How to EFFICIENTLY read a photoresistor without wasting power ?

A custom board I bought has a GT36516 photoresistor connected to the centre of two 1M resistors tied between GND and 3v3, so (obviously) always analogReads 0: clearly the designers made a mistake - they didn't want to waste power (so used 1M) but didn't understand that the photoresistor ranges from about 1k in bright light, down to about 50k in the dark - so that 1M to +vcc is useless. (Measures from 0.001v to about 0.03v on my test meter when powered up and hit with a torch)

Is there some way to fix this circuit that's not going to excessively drain my battery?

My gut feeling tells me "no"... but the photoresistor is quite big and should be easy to unsolder and replace with something else - so what might be a suitable replacement to stick between GND and the center of those two 1M resistors that would allow analogue reads to detect the ambient light?

The purpose is for dimming an LCD backlight at night for a custom car data-display and touchscreen controller (the board remains powered by a lipo button battery with ignition off, hence my question).

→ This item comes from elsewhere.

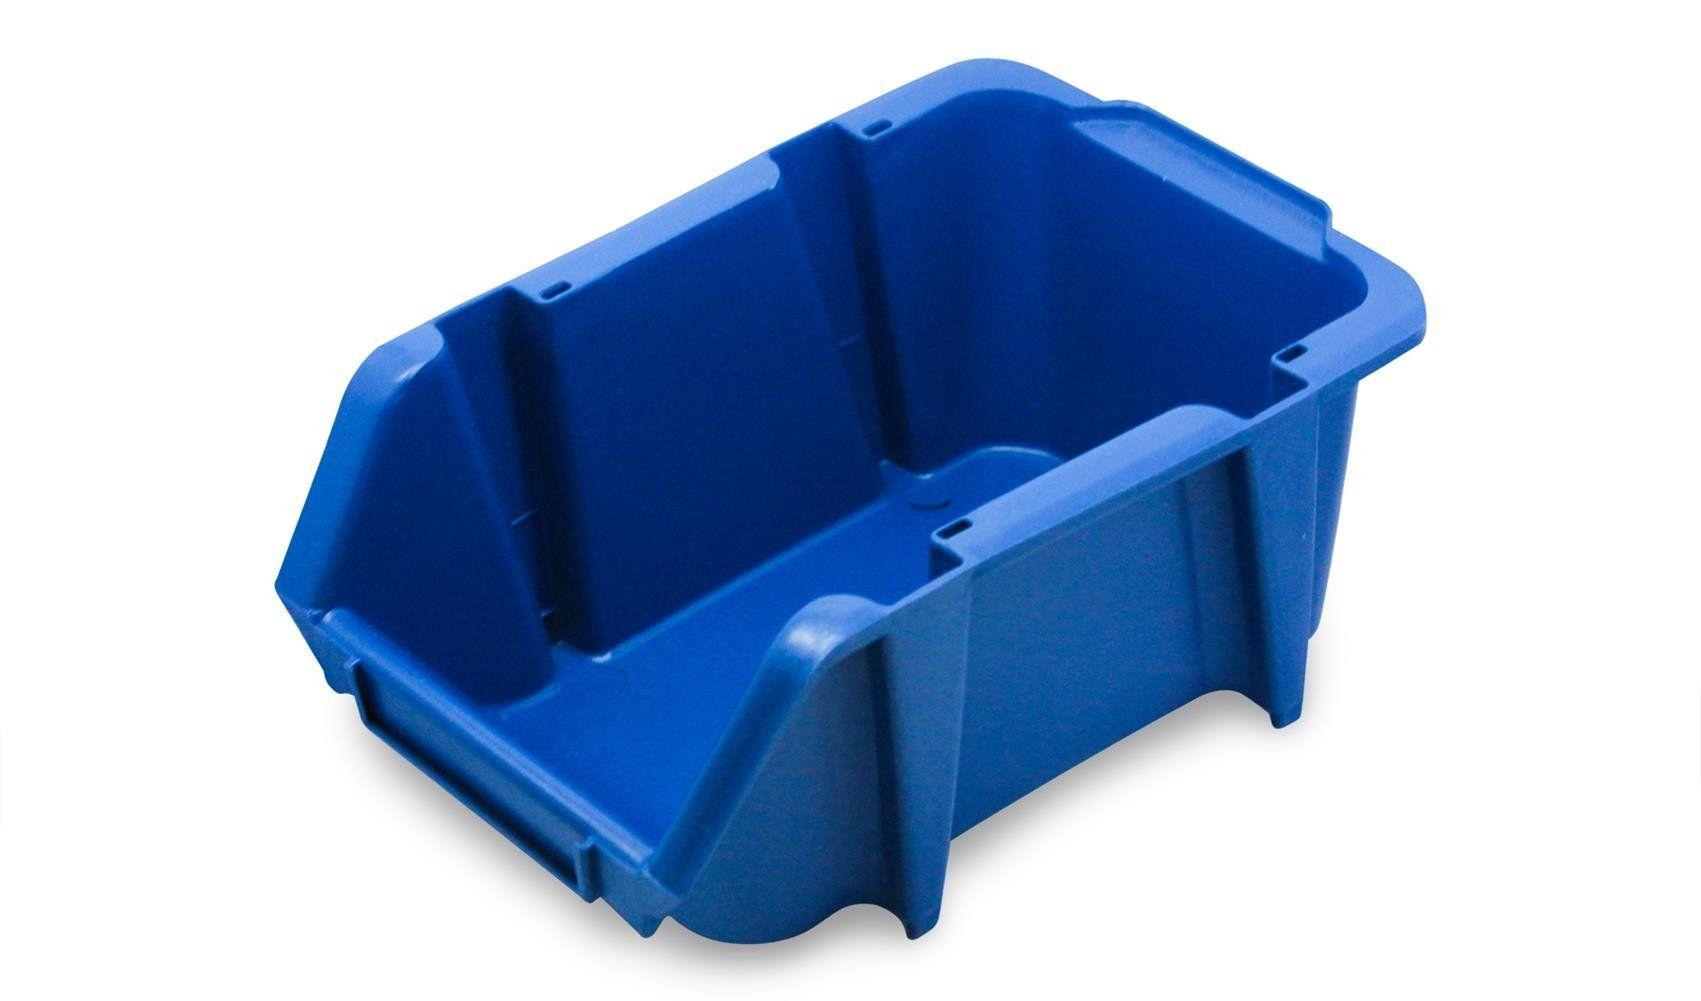 Caixa Bin Organizadora Plástica Nº3 Azul com 60 peças

The two resistors create a voltage source of 1.65 V with a internal resistance of 500kΩ
Is that GT36516 from 1k to 50k ? The datasheet is not very clear about that.

Then yes, it is a design mistake.
You can use a output pin to power the circuit. Remove the two resistors and add a resistor to a pin.
What do you want to measure with the most accuracy ? Dark or light conditions ?
Measure the resistance of the GT36516 at that light and that is also the value for the resistor.

There are "100k" LDRs. I don't know if that will work. The analog input of the ESP32 is not accurate. You could remove the resistor to GND, that will help a little.

3 Likes

Just leave the resistors and add your own externally

OK start again.
Connect the photoresistor like this
image
Depending on your arduino you can choose a suitable analog reference
or just use DEFAULT
set D0 high to take the measurement, then low when finished.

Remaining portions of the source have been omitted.